Brief: Exactly the lines starting at the line containing "What to look" and ending at the line containing "Uk Regulators Caution" are to be written out from the listing below, both included.

Raw data:

== == ==

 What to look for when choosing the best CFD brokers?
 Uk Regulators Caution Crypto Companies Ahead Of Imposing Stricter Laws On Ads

== == ==

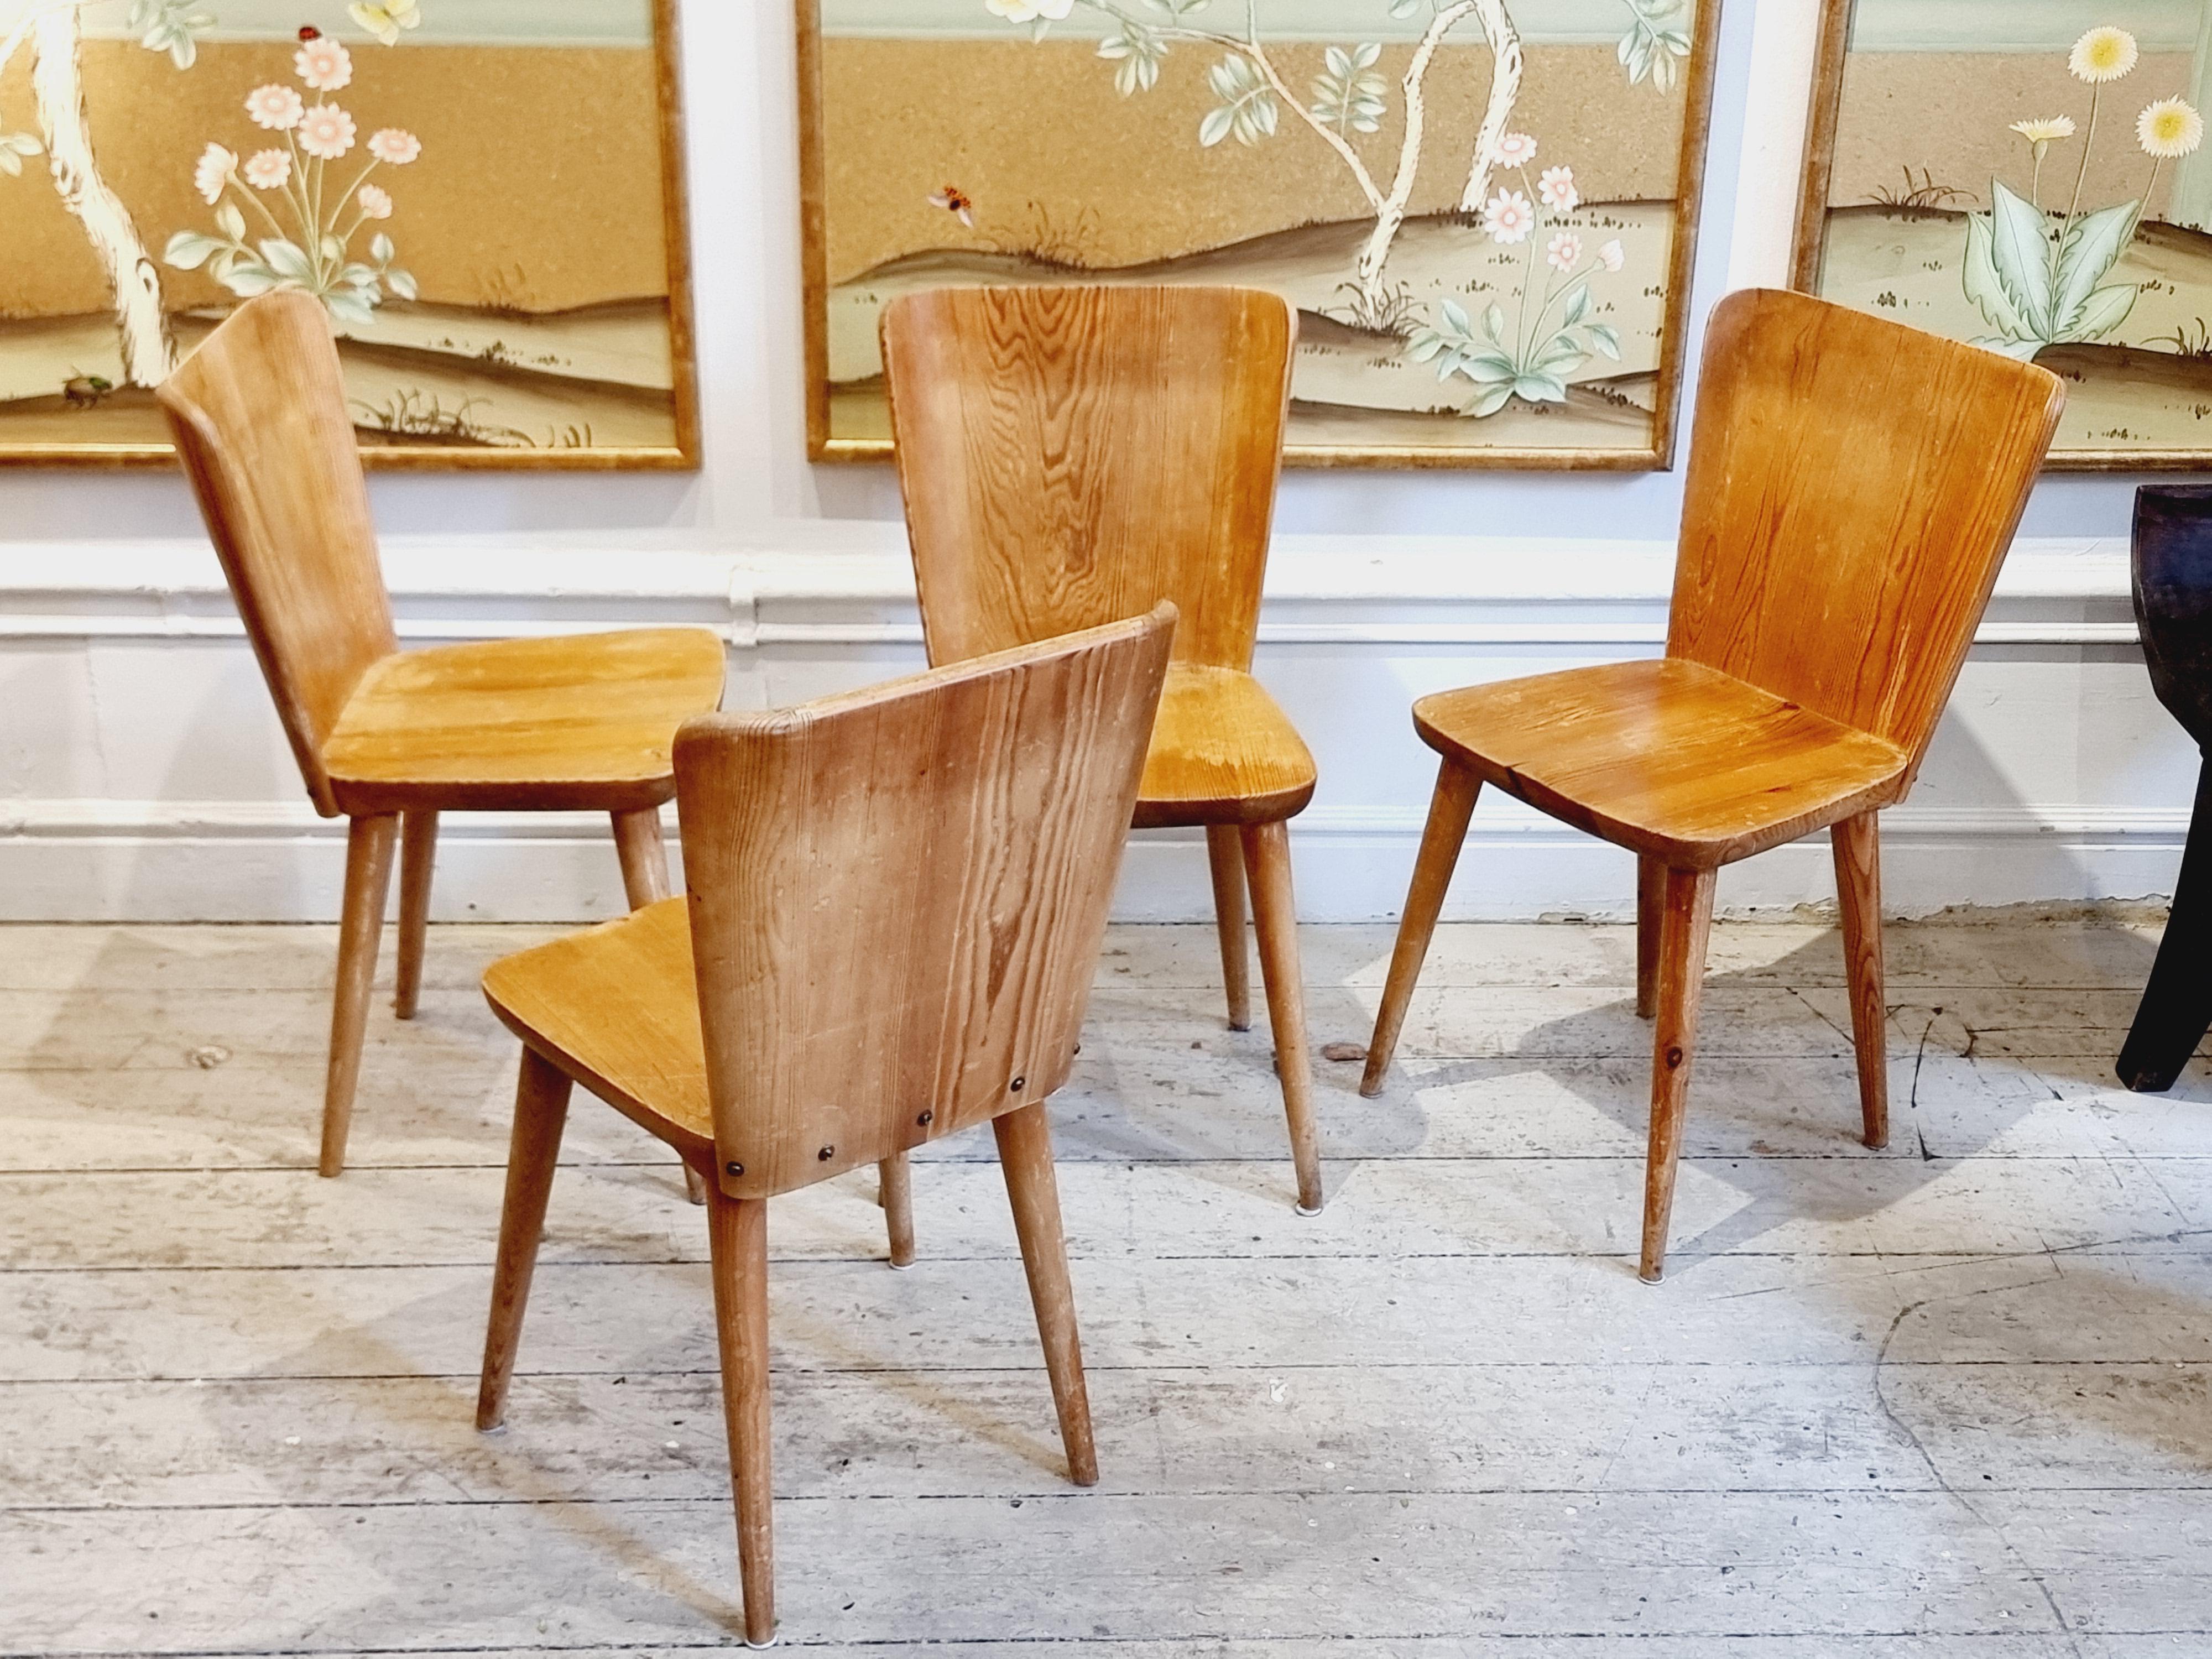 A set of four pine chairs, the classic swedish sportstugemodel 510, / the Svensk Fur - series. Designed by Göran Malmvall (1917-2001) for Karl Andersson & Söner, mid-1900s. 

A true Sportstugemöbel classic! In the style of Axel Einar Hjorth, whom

== == ==

Output for this task:
 What to look for when choosing the best CFD brokers?
 Uk Regulators Caution Crypto Companies Ahead Of Imposing Stricter Laws On Ads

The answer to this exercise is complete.